# Unsupervised Learning - An Example of Movie Reviews

## Dataset

Let us import a dataset of movie reviews by different users.

Let's check the shape of the DataFrame. 

As we can see, there are
* 671 users (each row represents reviews submitted by a user)
* 1000 movies reviewed by the users
* not every user reviews every movie -- each NA value indicates that a user did not review the corresponding movie

Let's drop the `user_ID` column as it does not provide useful information.

Let's visualize the reviews by a heatmap. 

Given the large number of movies and users, let's focus on the first 20 users and first 30 movies.

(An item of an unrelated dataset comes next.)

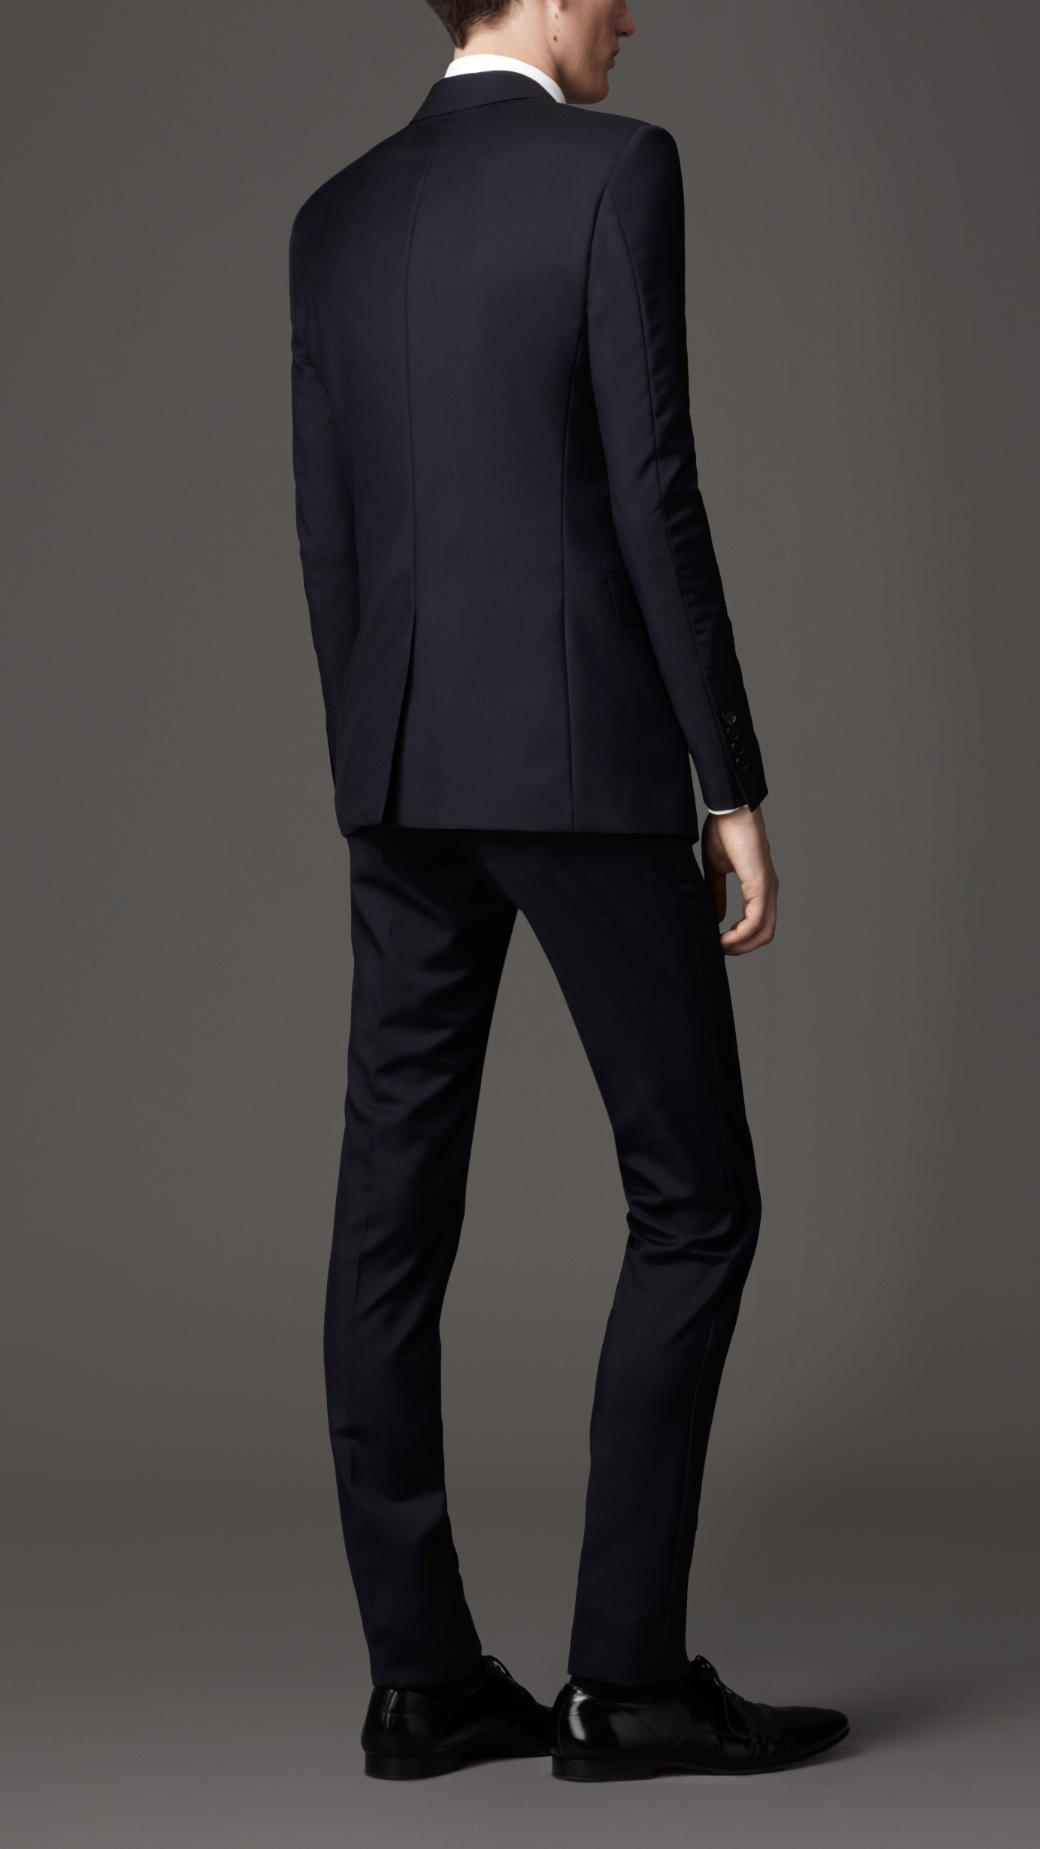 Lyst - Burberry Slim Fit Wool Mohair Suit in Blue for Men

We can use the argument `annot=True` to show the rating in each cell.

## Question

If a user didn't rate a movie, how can we predict their rating of the movie?
* For example, the **second user** did not rate the movie **Shawshank Redemption (1994)**. What would be their rating if they decide to watch and rate that movie?

**The Supervised Learning Approach**
* Consider users' ratings of other movie as "features", and the rating of the "focal movie" (e.g., Shawshank Redemption (1994)). Then we can build a regression/classification model.
* Challenges? 

**The Unsupervised Learning Approach**
* We can divide the users into **clusters**. Then, we can look at those users in the same cluster as the **second user** who rated the movie **Pulp Fiction (1994)**, and use the average rating as the prediction of the  **second user**'s rating of the movie.

## Clustering

Clustering is the process of **dividing a dataset into groups** where points in the same group (or cluster) are more similar to each other than to those in other clusters.

### $k$-Means Clustering

In $k$-means clustering, 
* there are $k$ clusters in total, each of which is represented by centeroid
* the clusters are created so as to minimize the intra-cluster distance, which is the squared distance between the data points and the centroid of the cluster they belongs to.

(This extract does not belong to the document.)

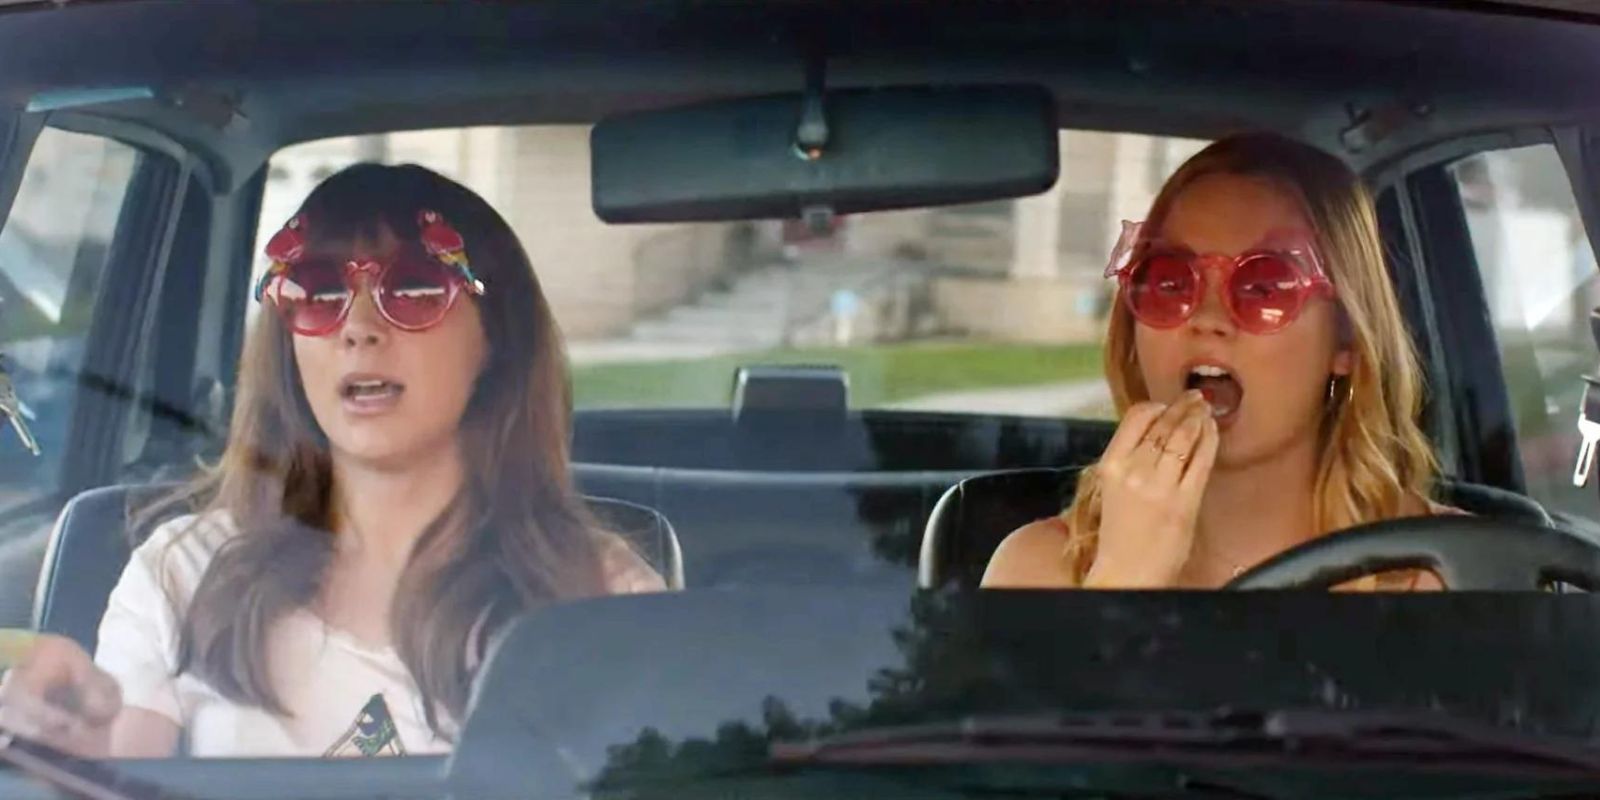 April and Clara sitting in a car with sunglasses on

To use $k$-means clustering, we will first need to impute the missing values, and then scale the data.

Let's first replace the `NA` values by 0. 

Next, we may need to scale the data. Note that since $k$-means clustering is a distance-based method, in general we need to perform scaling. However, currently all columns are on the same scale of 0 to 5 (since all columns are ratings of 0 to 5).

To perform $k$-means clustering, we need to import the `KMeans` function from `sklearn`.

Suppose that we would like to divie the dataset into 10 clusters.

In [1]:


#build the k-means model

#perform the clustering by fitting the model to the data



The fitted model has a few useful attributes.

The `.cluster_centers_` attribute gives the coordinates of the centroids. We may think of a centroid as the ratings of a representative user in a cluster.

The `.labels_` attribute is the cluster labels for each data point in the dataset.

Each label is a number between 0 and $k-1$, indicating one of the $k$ clusters.

Let's append the labels to the original dataset as a column.

The `.inertia` attribute returns the the sum of squared distances of data points to their nearest cluster centroid.
* It measures how compact the clusters are, with lower values indicating points in the same cluster closer each other.
* It does not measure clustering quality in an absolute sense but can be used to compare different values of $k$.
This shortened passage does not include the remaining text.